Последнее время Владимир Петрович чувствовал, что пора, пора, пора…
Тайные манускрипты, о которых никто не знал, даже самые близкие друзья, лежали рядом, в его спальне, точно он повенчался с этими древними неведомыми символами, открывающими путь…
Но главное происходило не в книгах, пусть и неведомых, а в его сознании. Его практика была чудовищна, невероятно огромна по своей задаче. О ней никто не знал, кроме его учителя.
Гробнов был абсолютно уверен, что не только в этом мире, но и вообще во всем этом Творении — он неуместен. Неуместен в принципе и тотально.
Что привело его к столь радикальному выводу? Его душа была настолько огромна, что ювелирно точный ответ на такой вопрос невозможен. Он полагал, что не только его земная жизнь, но и предшествующие его существования были нелепостью, страшной больной химерой — и ничего более. Но это еще только четверть беды, с этим можно было бы смириться и жить нелепо и больно до конца всех времен. Три четверти падало на то, что не имело непосредственного отношения к его пребыванию здесь — и суть состояла в том, что ему было просто не по себе быть в этом Творении. Радикально не по себе, до такой степени, что он грезил о так называемом метафизическом самоубийстве, хотя на самом деле это никаким самоубийством не пахло, а являло собой прощание со своей душою и полнейший уход в Первоначало, вплоть до принципиально нового Творения. Это было пассивное Освобождение, бесконечно-неописуемый Покой, без сновидений, Покой в Океане до нового пробуждения, полный расчет с предыдущим.
Но именно на это новое пробуждение, а вовсе не на странный Покой, Гробнов и уповал.
Поэтому вся его практика, чтение тайных манускриптов и были рассчитаны на такой исход.
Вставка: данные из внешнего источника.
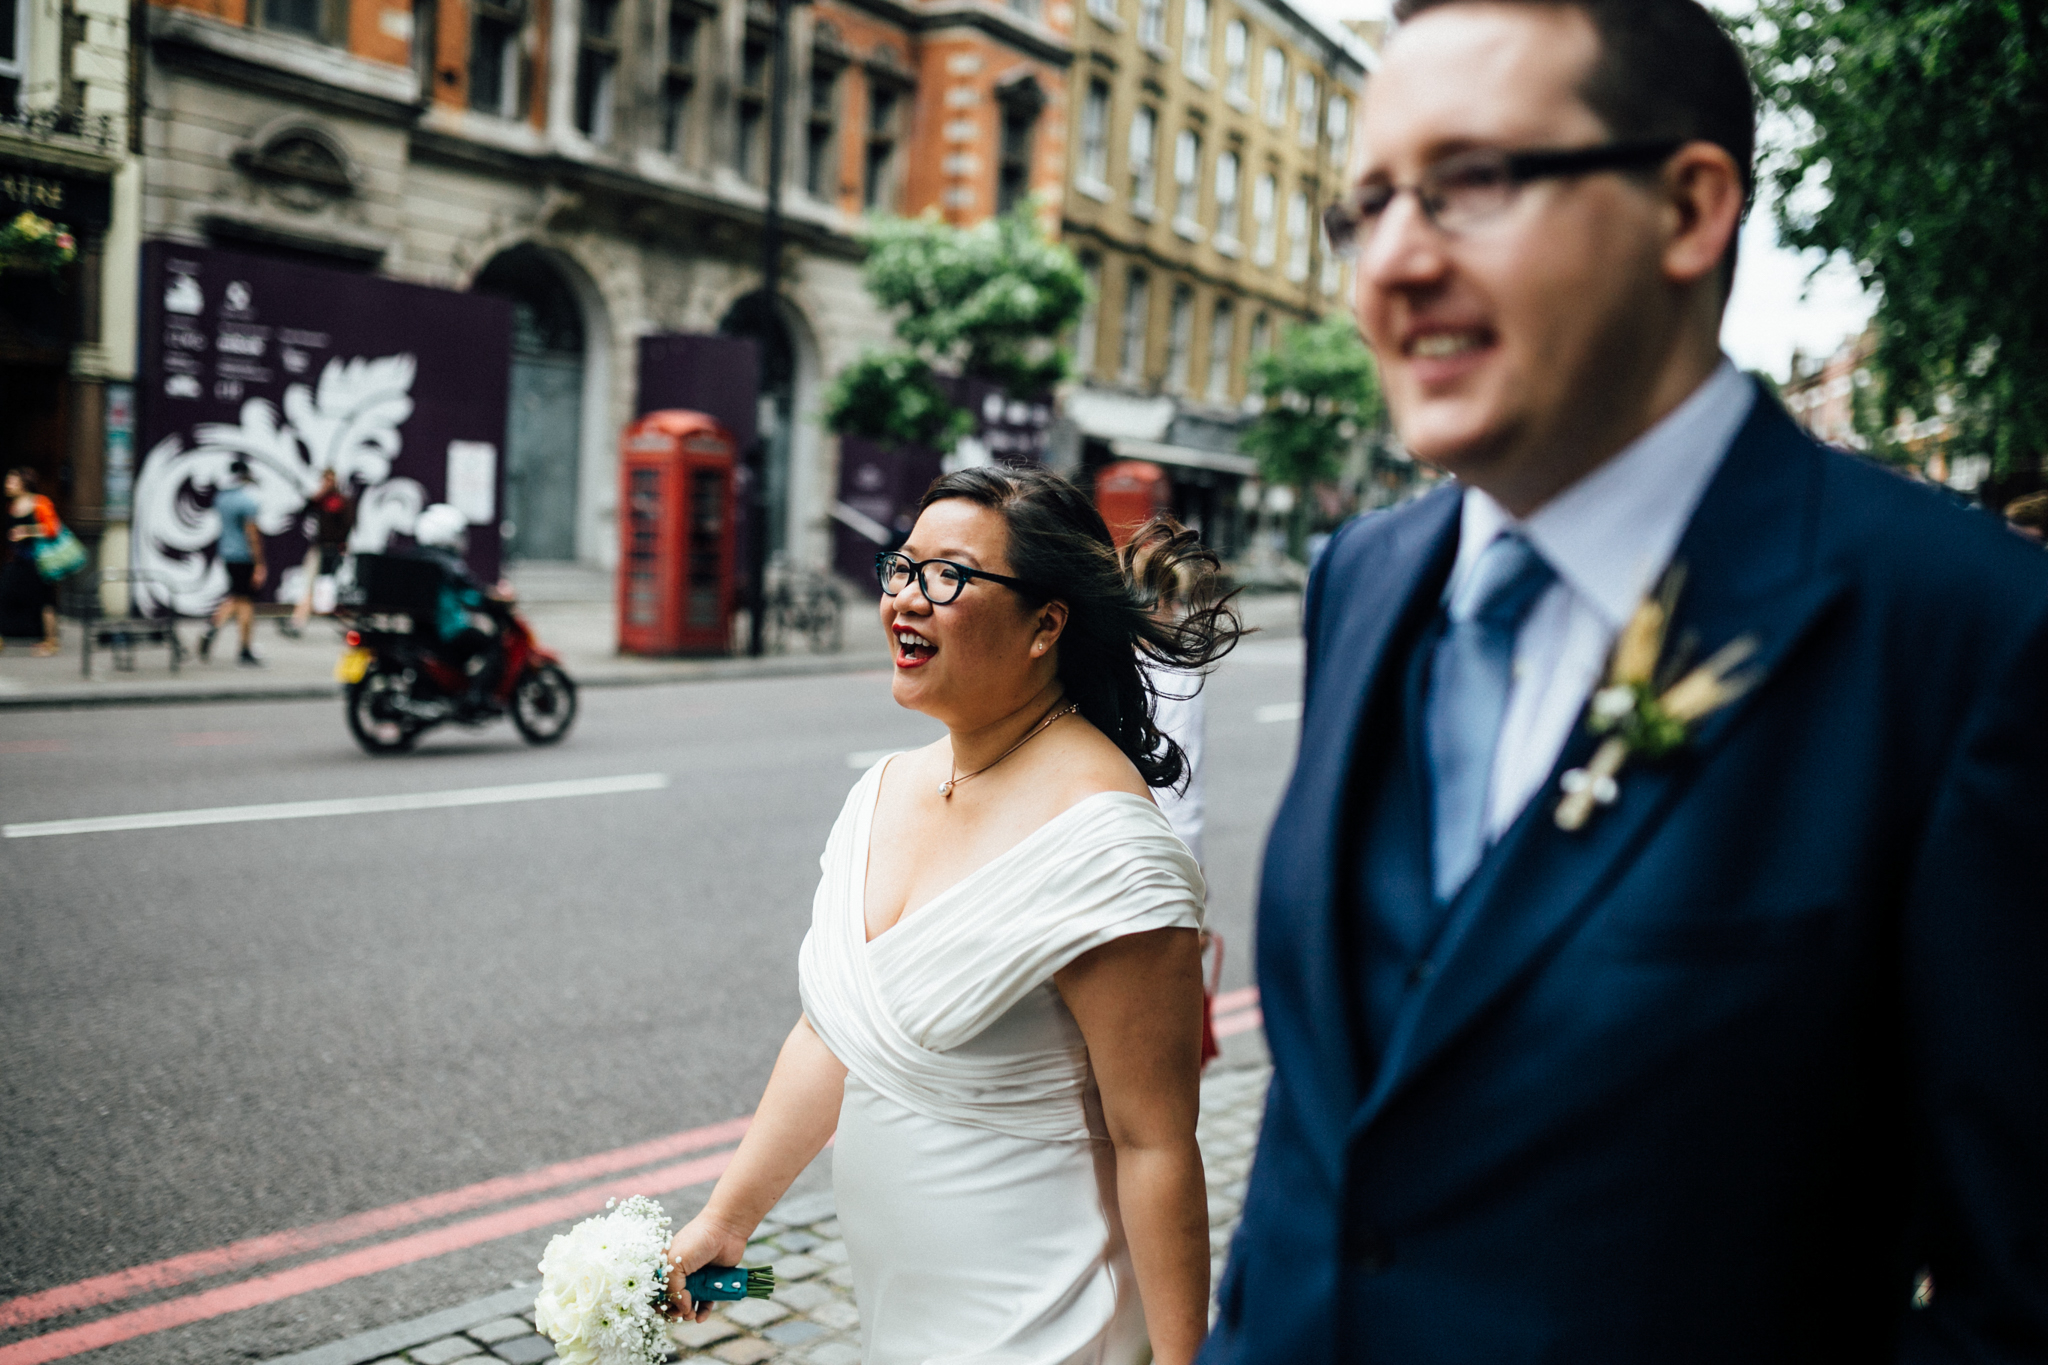 wedding in islington and narrowboat pub and angel area in london wedding photographer

Все остальное, даже Институт исчезновения, оказывалось маской.
Между тем Лена, пораженная встречей с Царевым, сама не зная почему, позвонила в Питер Гробнову и еще одному близкому ей духовно человеку о том, что, видимо, Царев едет в Питер, она видела его на Ленинградском вокзале…
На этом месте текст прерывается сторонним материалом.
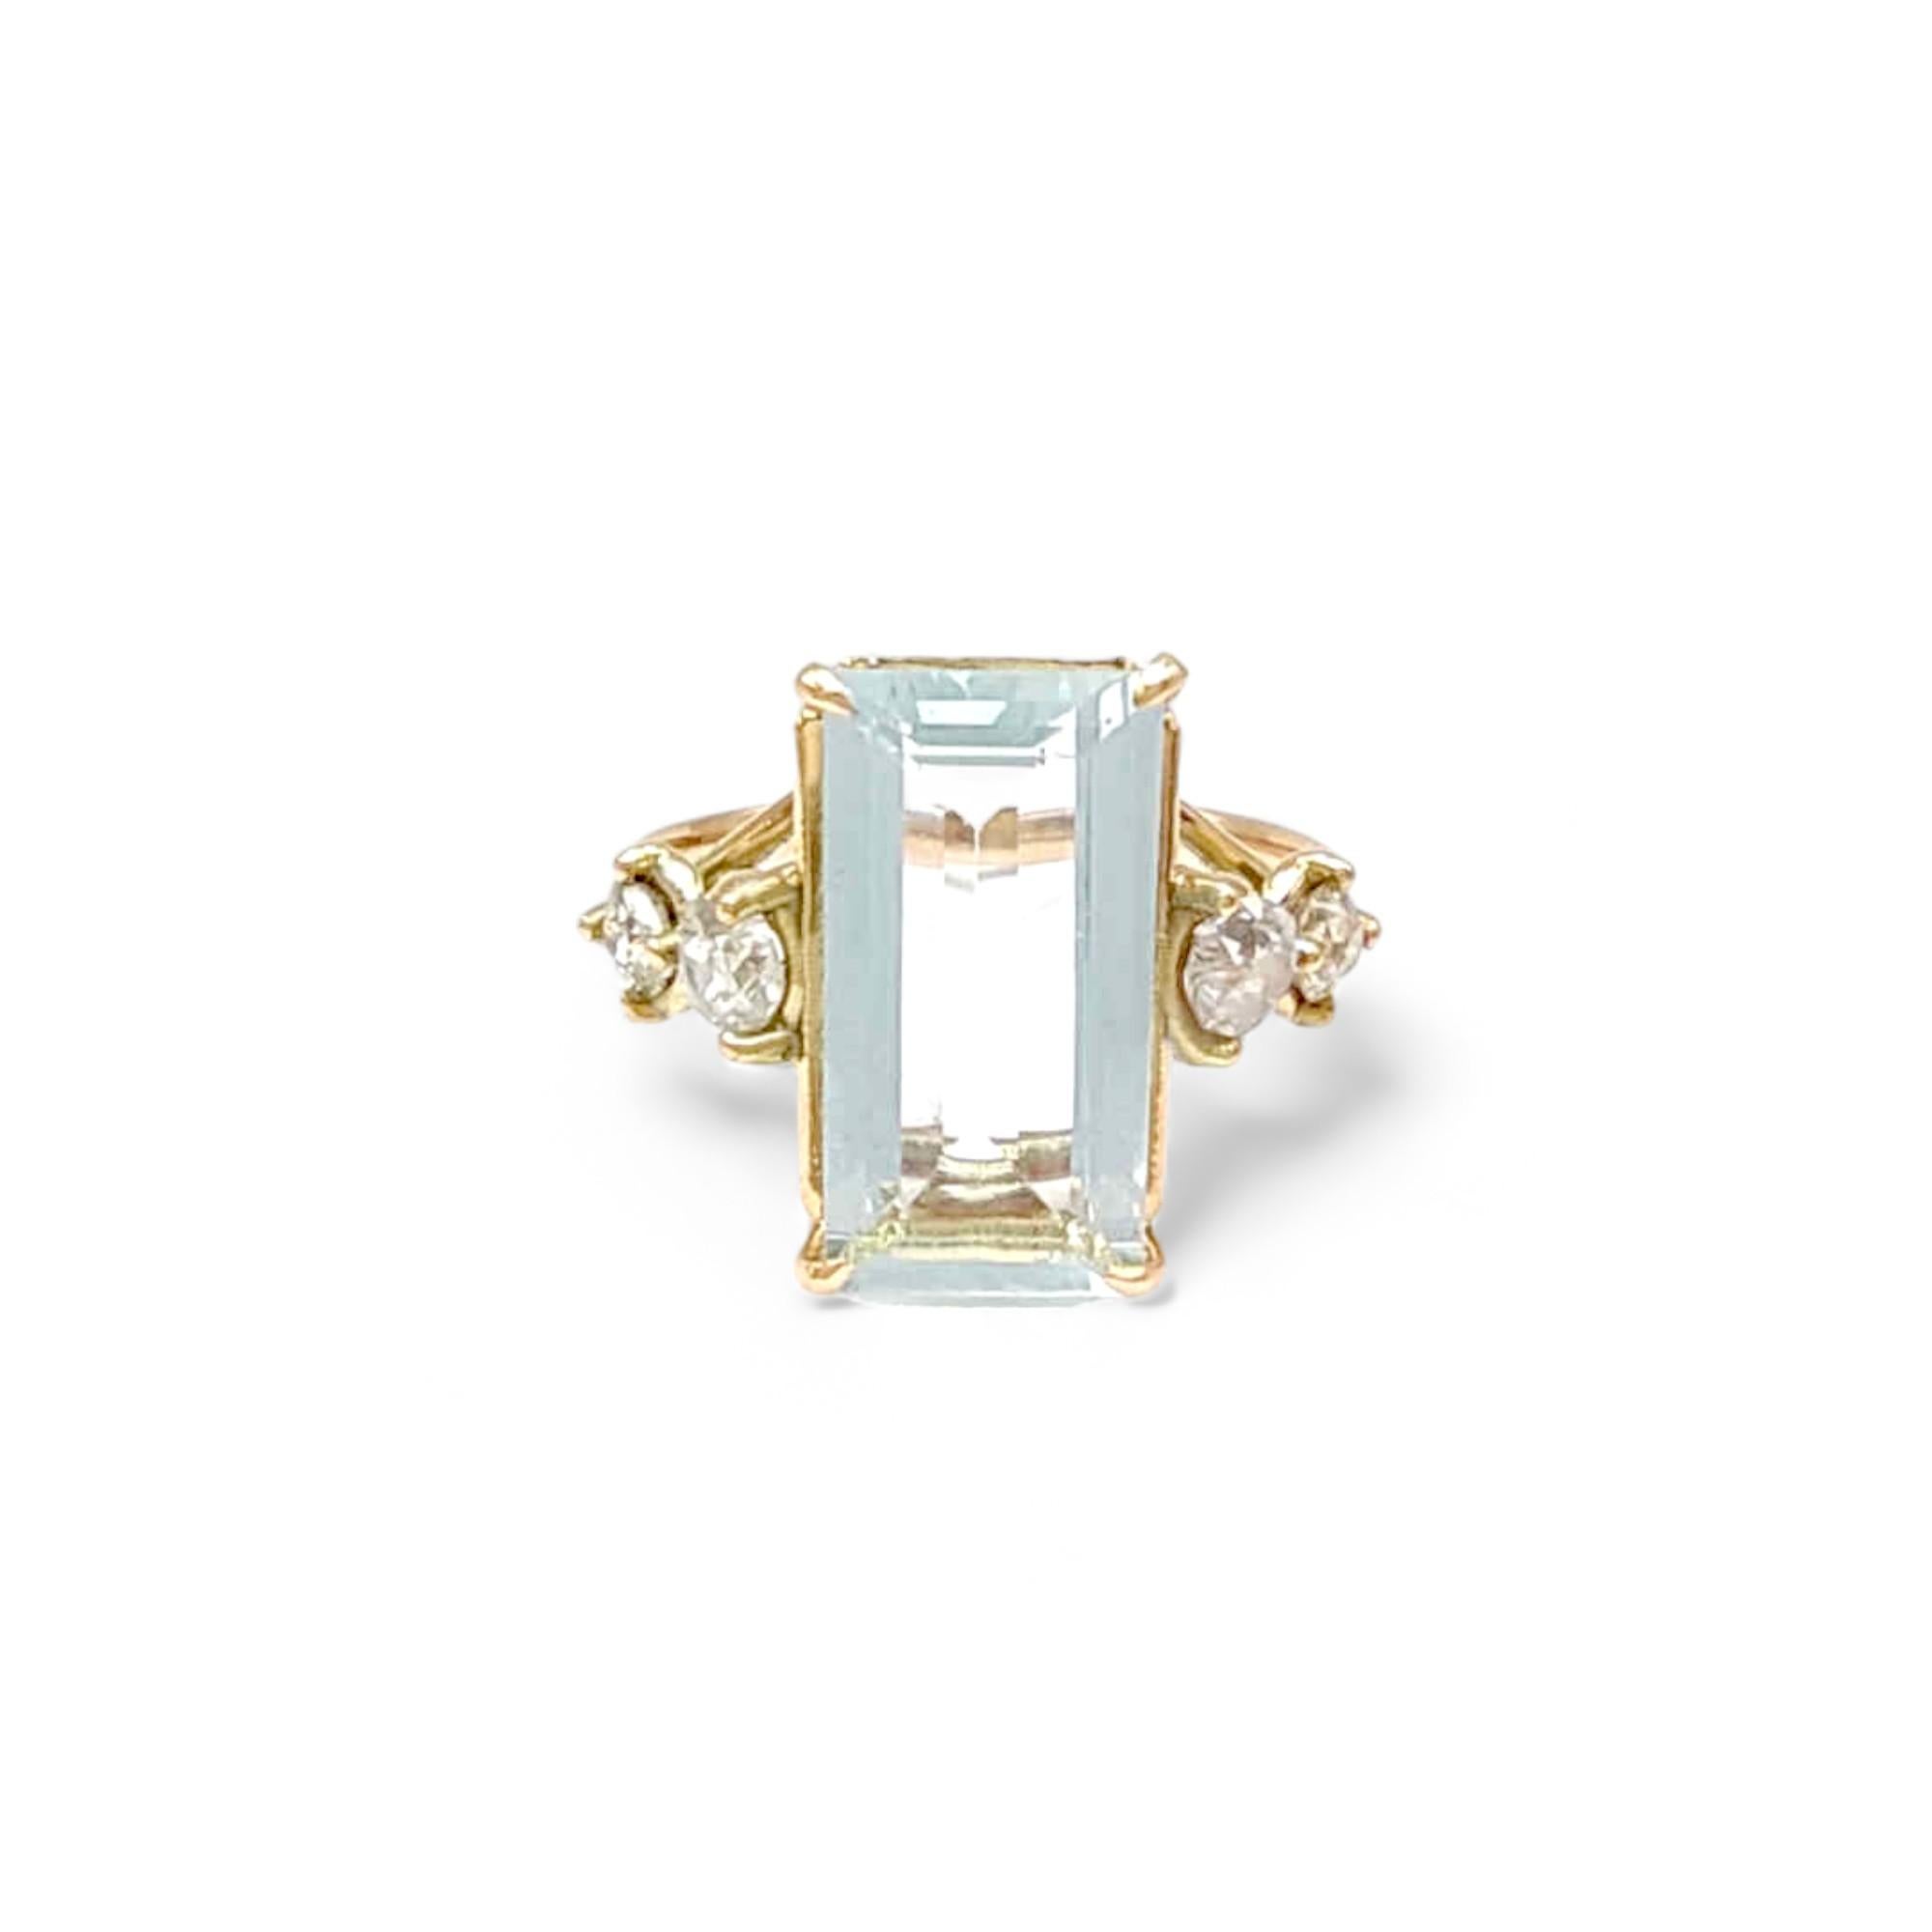 Certified 2.30 carats Aquamarine Engagement Ring - 14k Gold with Diamonds For Sale 1

Гробнов, который много слышал о Цареве в Москве, но не встречался с ним, отнесся к этой новости с некоторым интересом, но в целом равнодушно.
Питерский же приятель Лены — запил.
Интуиция Лену не подвела: Царев действительно приехал в Петербург.
В один хмурый питерский день Гробнов вернулся домой из Института исчезновения (И И. — как он его называл) в довольно мрачном сосредоточении.
Чего-то не хватало в его глобальных планах. Предаваясь медитации, он вдруг взглянул на часы. В это время раздался звонок в дверь. Он открыл. Перед ним стоял человек, высокий, худой, с непомерными глазами. Гробнов взглянул на его лицо и оцепенел. Интуиция Владимира Петровича сработала четко, и ритм сердца стал холодным как лед. И тогда на лице незнакомца появилась улыбка, жуткая, еле заметная, но предназначение ее проникло во все существо Гробнова. Это была даже не улыбка, а немыслимый сигнал из какого-то неизмеримого далека.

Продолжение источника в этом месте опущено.